I’ve shared this recipe before, but it bears repeating. Sooooo yummy!
These are easy to make, quick to bake and just as yummy as traditional pumpkin pie. Especially piled high with whipped cream and a dusting of cinnamon!
Pumpkin Pie Bites
Crust:
1./2 cup butter
3-4 ounce of cream cheese (3 oz. if you have a small pack or cut a large pack in half)
1 cup flour
Soften butter and cream cheese, blend together with flour until a soft dough forms. It will be sticky. Cover and chill for one hour or overnight.
Preheat oven to 350 degrees.
Using a greased mini-muffin tin, roll dough into walnut-sized balls and drop one in the tin. Use a tart tamper (or the back of spoon – or a shot glass if you have one) to smoosh the dough into the bottum and up the sides of the muffin cup.

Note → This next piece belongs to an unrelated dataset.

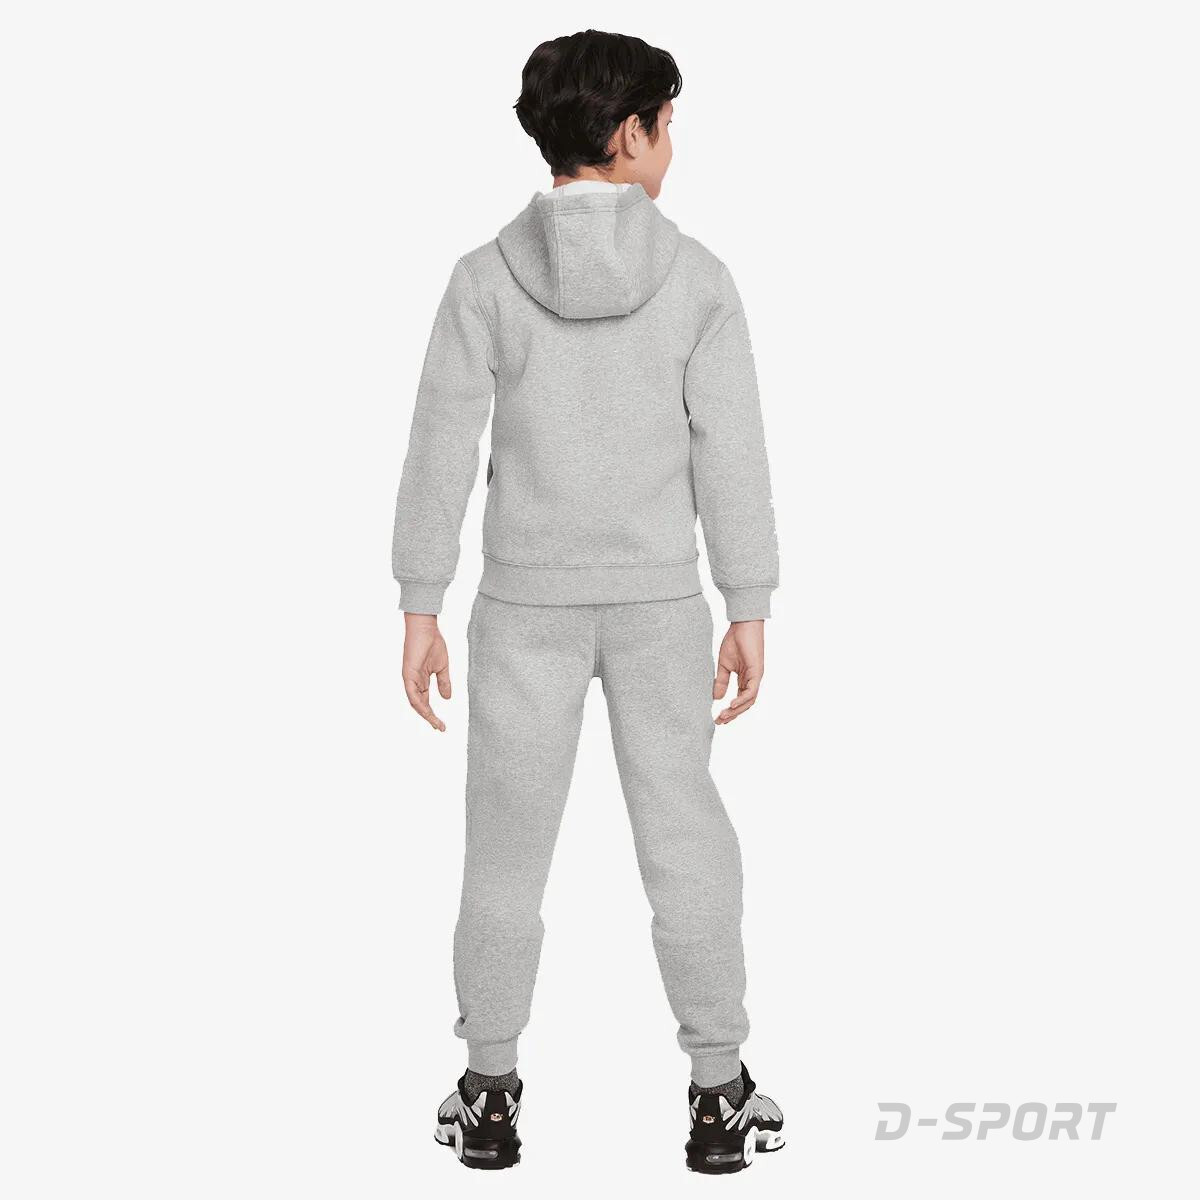 Nike Sportswear Club Fleece Bi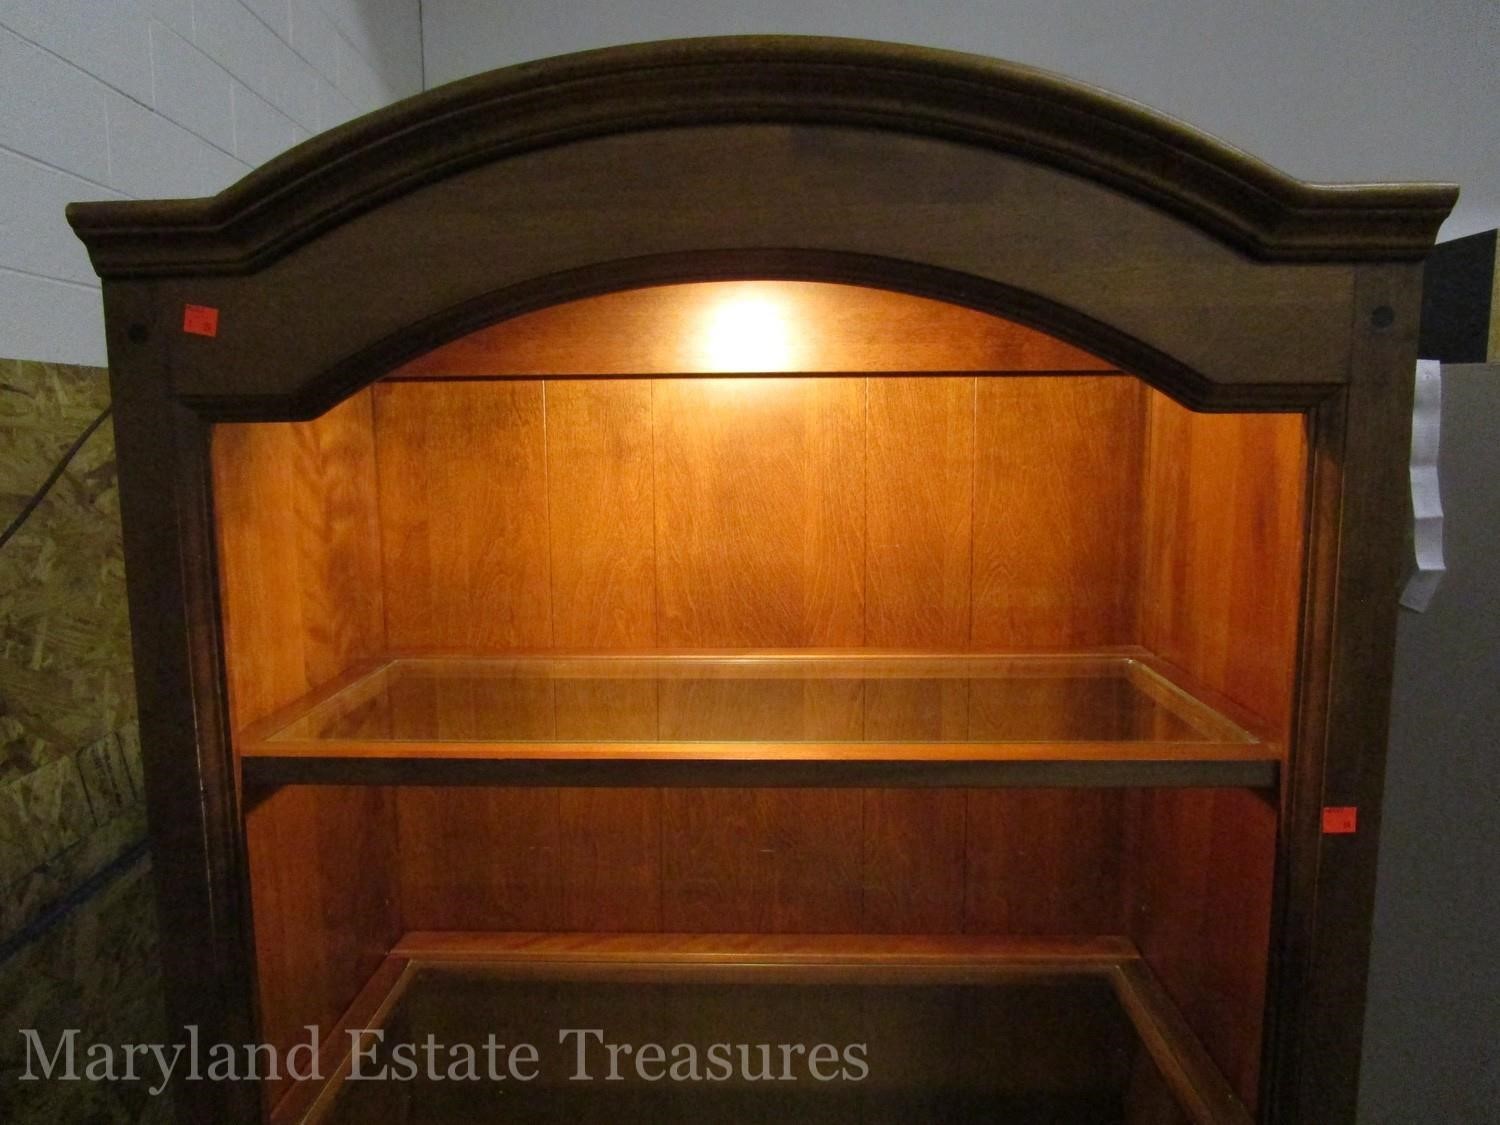 Maryland Estate Treasures November Estate Auction

Fill with pumpkin filling and bake for about 15-20 minutes until pumpkin is set and dough is starting to brown. Remove from oven, let cool, devour.
Pumpkin Filling:
1/2 cup sugar
1/2 tsp. salt
1/2 tsp. pumpkin pie spice
1/2 tsp. cinnamon
1 egg
3/4 cup pumpkin
1/2 cup evaporated milk
Beat egg, blend in pumpkin and milk then stir in dry ingredients. Mix well. Pour into crust-lined muffin cups and bake.
Garnish with whipped cream and a dusting of cinnamon.